В ДЕТСТВЕ БЫЛА ВОЙНА

Когда началась Великая Отечественная война, мне не было и пяти лет. Незадолго до этого мама моя умерла, и я жил у дедушки с бабушкой в городе Сталинграде. Летом 1942 г. когда немцы начали активно бомбить город, многие жители перебрались в туннель диаметром около трех метров. Этот туннель был проложен в овраге, и над ним была насыпь, по которой проходила асфальтированная дорога. Очень часто немцы сбрасывали листовки, а когда люди выбегали собирать их, чаще всего это были дети, тут и начиналась основная бомбежка.

В один из вечеров появились немцы. Всех вывели из туннеля, сами туда не заходили, а дали несколько очередей из автомата. Посадили всех в круг, заставили снять головные уборы. Стариков, женщин и детей оставили, а молодых куда-то увели. Просмотрели все сумки и забрали яйца, сало и другие продукты. Моя бабушка показала на меня и просила не забирать продукты, но фриц оттолкнул ее автоматом и все забрал.

Наутро ребятишки высыпали на дорогу смотреть на немцев. По дороге на бричке ехал немецкий офицер. Старшие ребята научили меня и я, подбежав к бричке, закричал: "Немец, перец, колбаса, жарена капуста!". Немец остановил бричку, слез с нее и подозвал меня. Все с ужасом смотрели, что же будет дальше. Я сильно трухнул, но подошел, хотя очень хотелось убежать. Немец подошел ко мне, погладил по голове и дал шоколадку. Он, видимо, вспомнил своих детей, оставленных в Германии.

Несколько дней спустя я, как и все, метрах в пятидесяти от туннеля сидел в траве по нужде. Проходящие по дороге немцы, заметив меня, остановились, двое из них сняли винтовки и стали в меня стрелять. Пули ложились рядом со мной. От страха я заплакал и закричал. На крик выбежала бабушка и стала кричать на немцев, называя их иродами. Они засмеялись и перестали стрелять.

Вскоре я заболел брюшным тифом, у меня отнялись ноги, я мог только ползать. В это время немцы стали на машинах вывозить мирное население из города в близлежащие селения. Нас вывезли в Нижний Чир, где 26 семей разместились в большом блиндаже.

Рядом, метрах в 30-ти, была школа, в которой немцы держали наших пленных солдат. Их заставляли рыть траншеи, окопы, строить блиндажи. Никогда не забуду, как один из пленных за веревку тащил рельс, а рядом с ним шел немец и плетью периодически лупил его. Пленный плакал, а немец смеялся.
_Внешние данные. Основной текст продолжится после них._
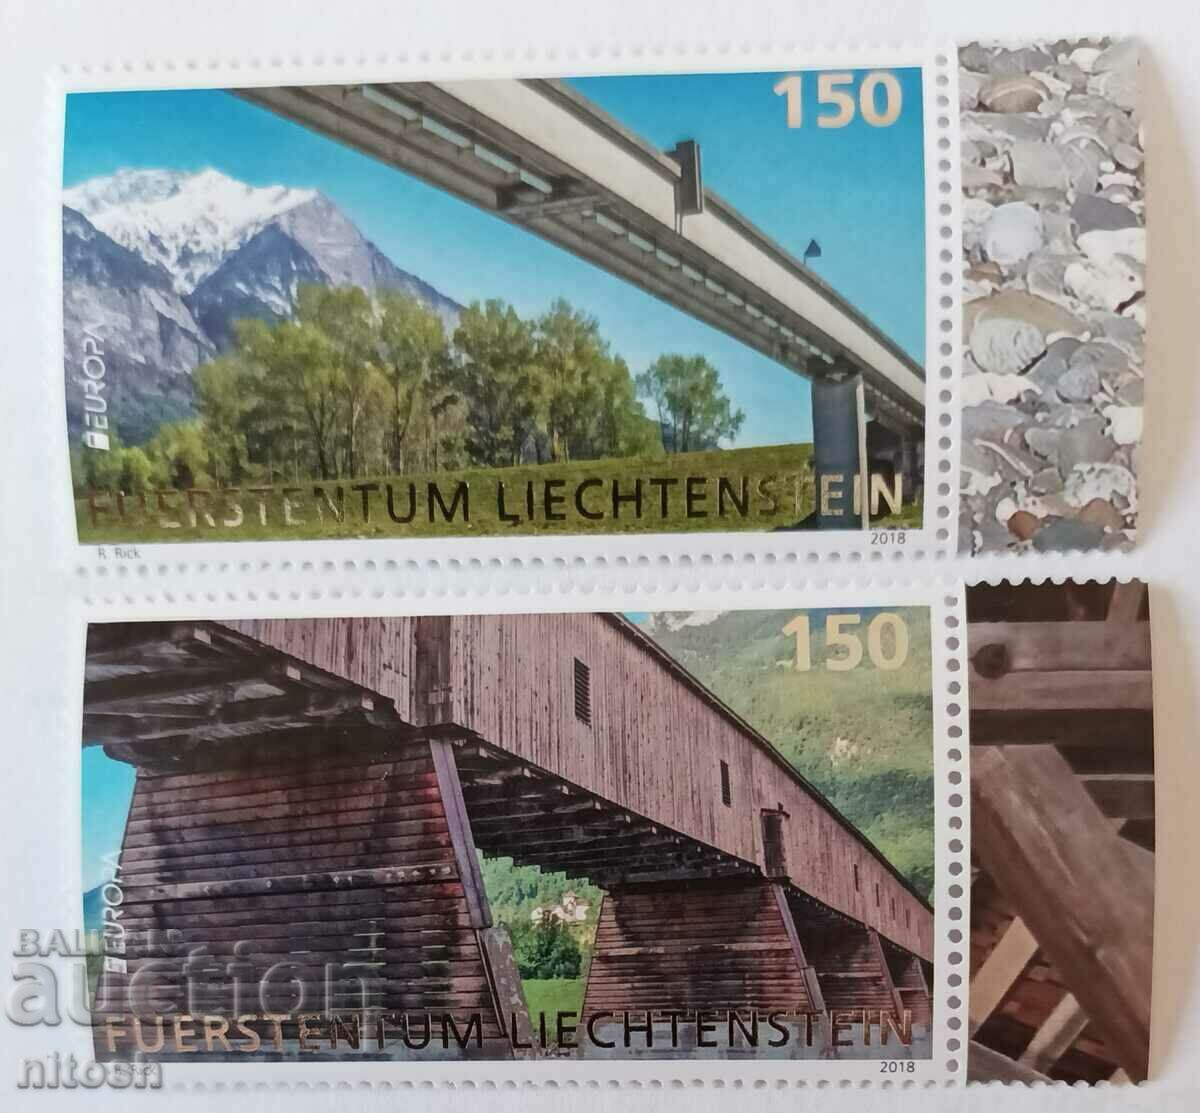 2018, Liechtenstein, Europe, bridges

Несколько наших пленных убежали. Через день их поймали в одном из домов. Хозяев дома тут же расстреляли, а все население собрали недалеко от школы. Сзади поставили несколько пулеметов. Пленных заставили рыть большую яму. Когда она была вырыта, пленных связали, бросили на дно ямы и живыми стали засыпать землей! Какой стоял душераздирающий крик!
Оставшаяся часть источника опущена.